You swallow the small irritation at work. You absorb the slight from your partner without a word. You collect each one, sticking it quietly into the book. Then one day the book is full — and you cash it in. The redemption is a guilt-free pay-out you feel entitled to precisely because you've been "saving" for so long:

  • A full book of anger stamps might be cashed in for a blazing row that feels justified — "after everything I've put up with" — and far bigger than the trigger that set it off.
  • A book of hurt stamps might be redeemed for a dramatic withdrawal — going cold, giving up on the relationship, walking out — that the saver has felt entitled to all along.
  • A really big collection can be saved for a once-in-a-lifetime prize: quitting the job, ending the marriage, cutting off the family — a payout big enough to justify the entire collection.

The hidden cost of stamp-collecting is that the original feelings never got dealt with honestly, in real time, where they could have changed something. They were stockpiled into a justification for behaviour you couldn't otherwise let yourself do. Noticing that you're saving a feeling — rather than expressing or releasing it — is one of the most practical signals that a racket is running.

How this connects to ego states and games

Racket feelings live mostly in the Adapted Child — the ego state that learned, under pressure, which feelings were safe to show. The script beliefs at the heart of the Racket System come from the Parent messages absorbed in childhood. And the loop runs almost entirely outside the Adult, which is exactly why it can repeat for decades without being examined. Strengthening Adult awareness — the capacity to notice "I'm doing the guilt thing again" — is how the circuit gets interrupted.

The link to games and the drama triangle is just as direct. The roles of Victim, Persecutor, and Rescuer each come with a signature racket feeling — helplessness, righteous anger, and put-upon resentment. The game supplies the drama; the racket feeling is what you take home at the end. See the feeling clearly and the game it belongs to often becomes obvious too.

Why noticing your racket feeling matters

Your go-to racket feeling is one of the most revealing things about you, because it points straight at the authentic feeling you were taught to bury. If you reliably feel guilty, there may be unexpressed anger underneath. If you reliably feel angry, there may be unacknowledged hurt or fear. The substitute is a signpost back to the real thing.

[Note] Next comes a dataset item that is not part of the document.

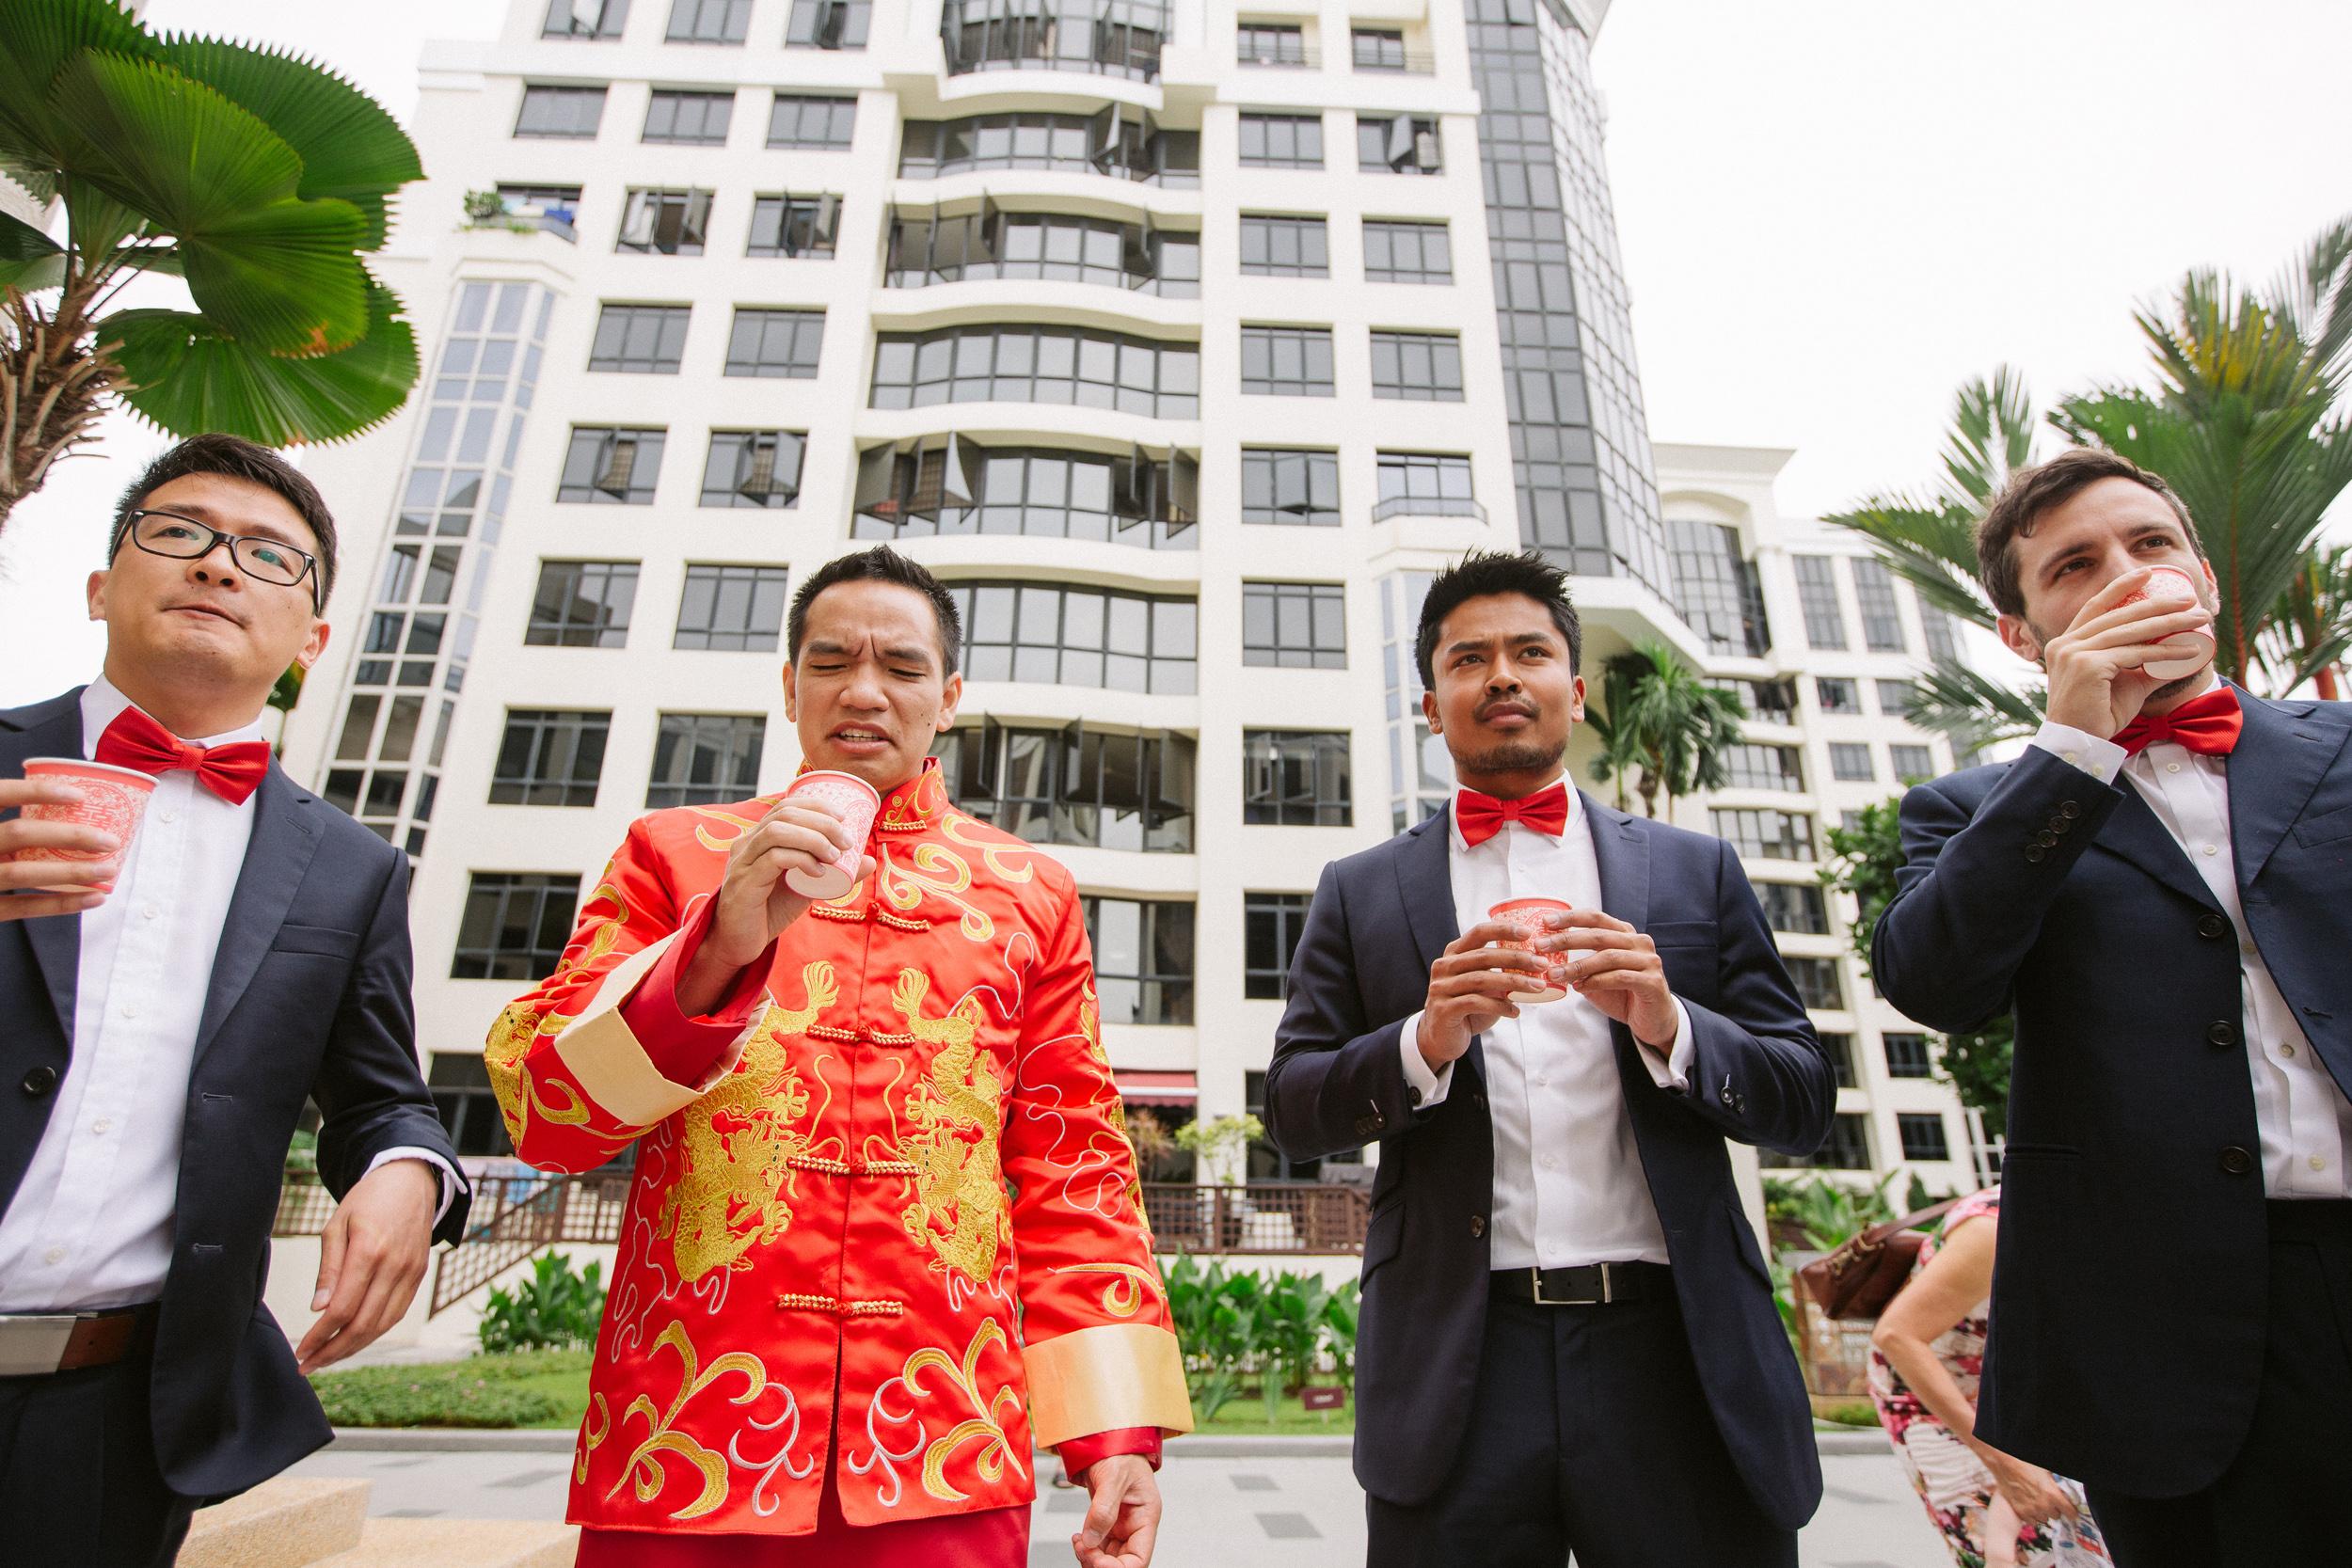 singapore-wedding-photographer-cheryl-matthew-fullerton-hotel-wedding-09.jpg

You can't choose differently about a feeling you don't know is a substitute. The whole shift begins with recognition — catching the familiar feeling as it arises and asking, gently, "is this what's actually true for me right now, or is this just the feeling I always reach for?" That single question, asked from Adult, is the crack in an otherwise sealed loop. It won't dissolve a lifetime's pattern overnight, but it restores something the racket quietly took away: the freedom to feel what's real, and to do something useful with it.

Further reading

  • English, F. (1971). "The Substitution Factor: Rackets and Real Feelings." Transactional Analysis Journal, 1(4), 27–32.
  • Erskine, R. G. & Zalcman, M. J. (1979). "The Racket System: A Model for Racket Analysis." Transactional Analysis Journal, 9(1), 51–59.
  • Berne, E. (1964). Games People Play. Grove Press.
  • Stewart, I. & Joines, V. (1987). TA Today: A New Introduction to Transactional Analysis. Lifespace Publishing.